Please enjoy this excerpt from my dissertation. 

From third grade through high school graduation I attended a very small, very conservative Christian school which eschewed the notion of sex education, as such, but nevertheless, made it clear that Christians, particularly Christian women, were expected to remain virgins until marriage. When I was fourteen a friend of mine, we’ll call her Mhysa, was expelled after she got pregnant. She was not expelled for getting pregnant, per se, but because she was pregnant she could no longer hide the fact that she was sexually active which was against the rules. In some ways, this dissertation started that school year when I told the principal that an unmarried, pregnant, teenager needed the community of Christ more than anyone else. I will never forget the principal’s response, “Yes, but not here.”[1]

Two years later, one of my classmates came out to us as gay. Together, my class of twelve people made sure that no teacher or administrator ever heard a whisper of a rumor about his sexuality because we knew he would be expelled if that was the case. For further context, a group of students were caught smoking marijuana in the church van on a school sponsored ski trip.[2] These students were sentenced to in-house suspension meaning that they spent every day for a week at desks in the principal’s office being unimaginably bored. Why, I wondered, was sex so different? If the teachers and administrators believed what they taught us in the mandatory chapel, that all sins were equal in the eyes of God, then why did sexual sin seem to garner so much more earthly punishment than other sins? On top of that, why did sexual sin seem to be biased against women? It seemed, at times, that our bodies were a betrayal—a temptation to sin for the men around us and an undeniable witness to our own culpability through pregnancy.

It is over a decade since I graduated from high school. I am a PhD candidate and I have moved home to help my mother transition after the unexpected loss of my stepfather. I am standing in front of a room of eighteen non-traditional students “teaching” a four hour long course called “Technology Fundamentals” in a building that is a few miles from my high school. Every Tuesday and Thursday night, from six to ten p.m., I watch while the students use a reactive software designed to teach them how to use Word, Excel, and Powerpoint. I am a glorified proctor at a for-profit college and the students that sit in front of me are in one of two mandatory course that they must take before being shunted into their chosen track. Students are required to wear uniforms based on these tracks as part of their professionalization process, so I can tell at a glance what field they’ve chosen: pink scrubs for future dental assistants, blue scrubs for medical assistants and medical office administration, and dark blue jeans with a black button up shirt for future HVAC technicians. This class happens to be all women and the room is all pink and blue. They have developed quite a rapport with each other and seem fascinated by the fact that I am getting a PhD. This is our last week of class and many of the students have already completed their final projects but are here because of the strict attendance policies. Next week the will begin the courses that correspond to their specialization. Tonight, sensing their restlessness and bored to tears myself, I ask if they are willing to help me with my research. They agree quickly, most likely out of a desire to have anything to do.

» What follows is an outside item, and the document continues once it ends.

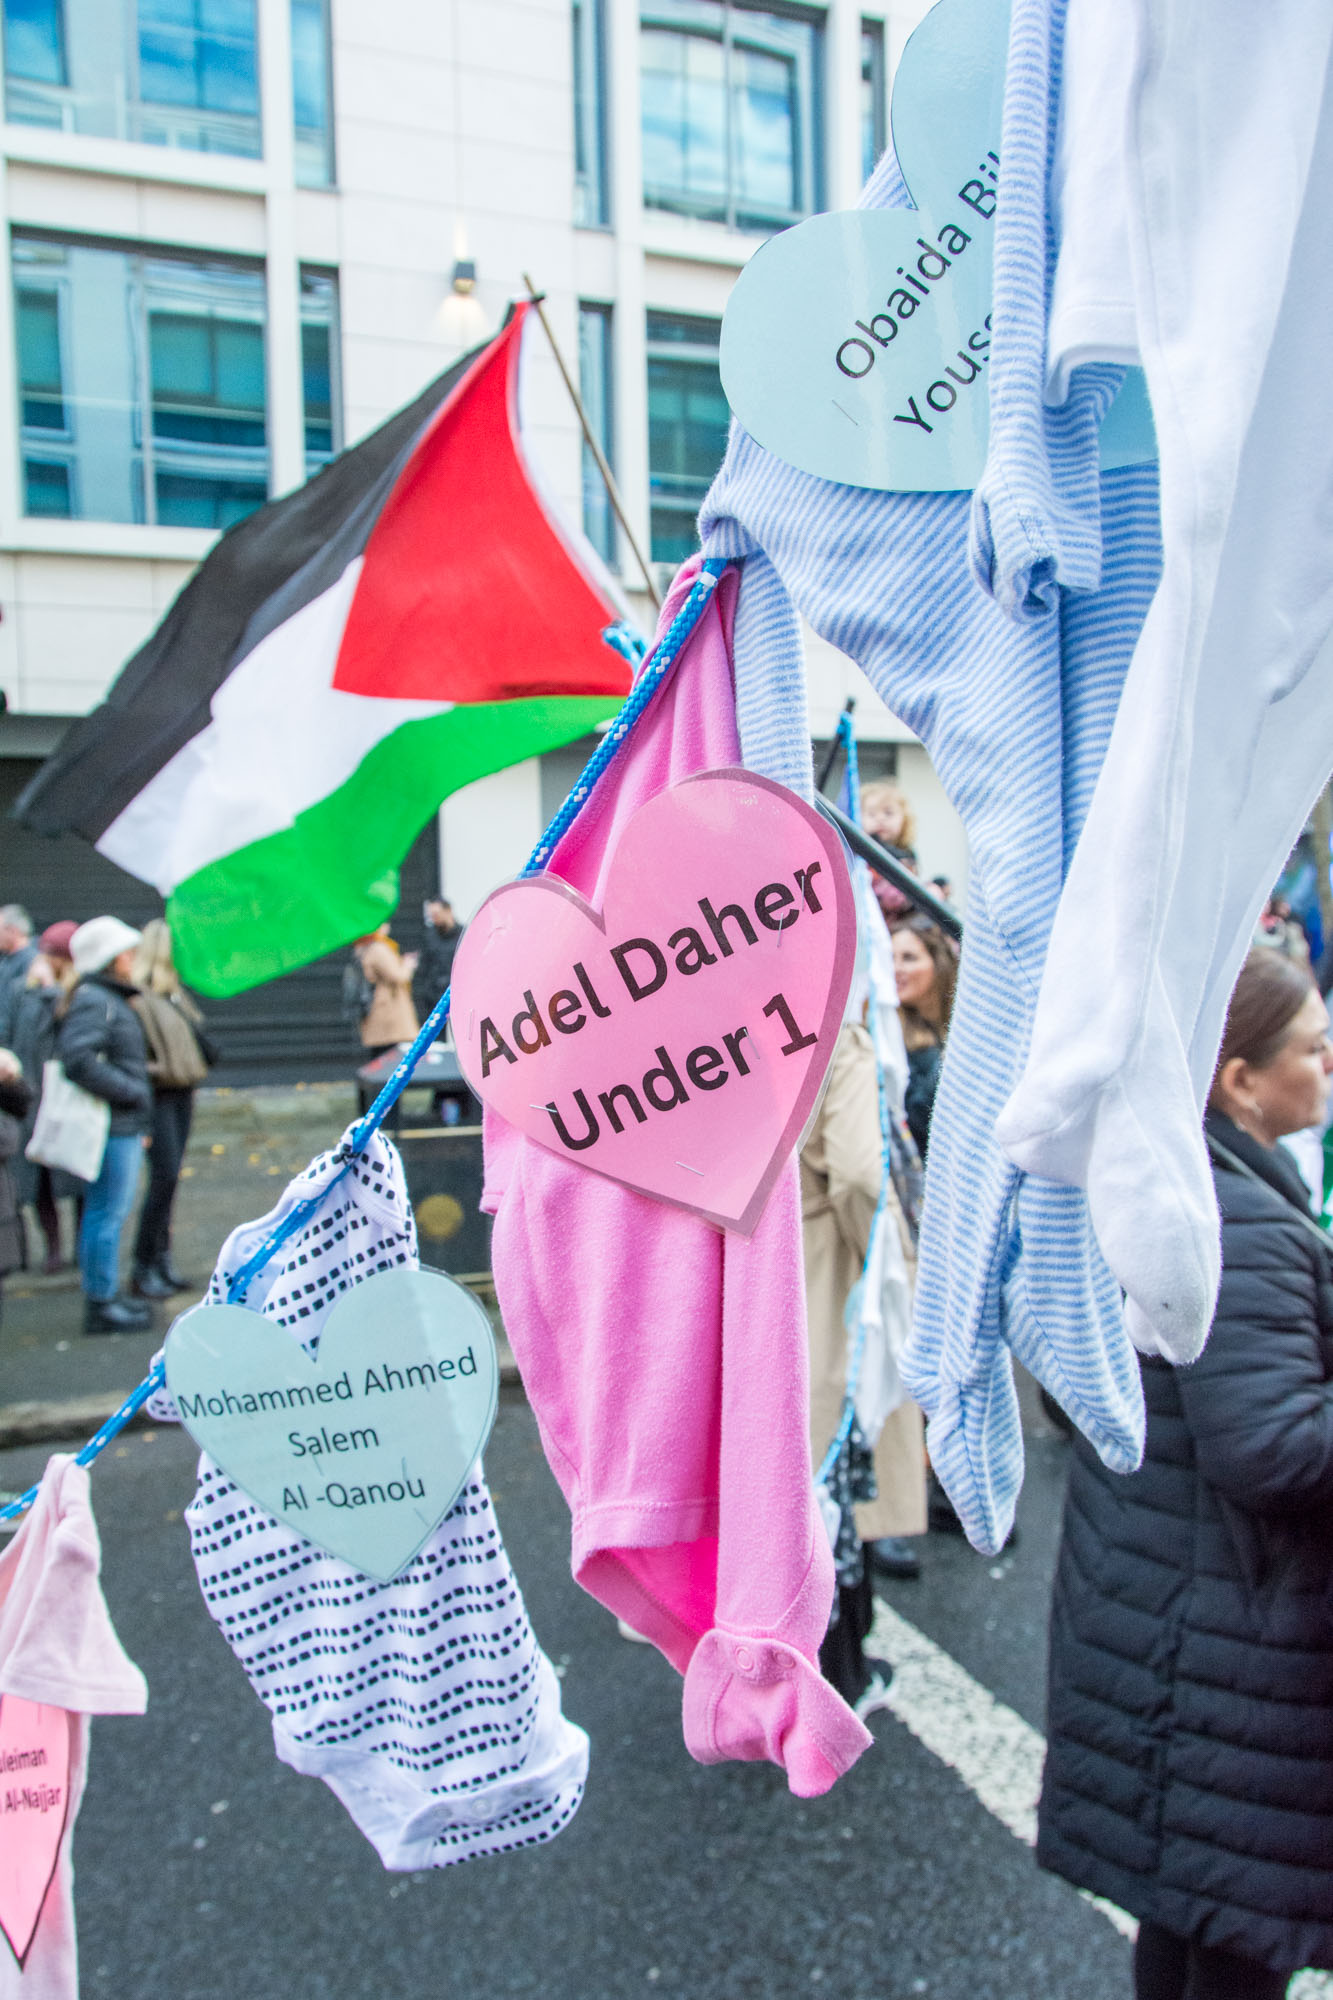 Hearts on baby clothes containing the names of children killed during the ongoing war in Palestine hung as if on washing lines at the Palestine march in Belfast. Photo 7709 by Stephen S T Bradley

“What is virginity?” I ask.

“Virginity means that you haven’t had sex yet,” says a gregarious student in pink scrubs.

“Ah! So, can you tell me what sex is?”

 

Various answers come from around the room and I write keywords on the whiteboard. After taking a look at the words they have suggested, all of which seem to indicate that penile-vaginal intercourse defines sex, I ask, “So, if this is sex, then what do lesbians do? Or are all lesbians virgins?” They laugh and I launch into an explanation of my research on virginity.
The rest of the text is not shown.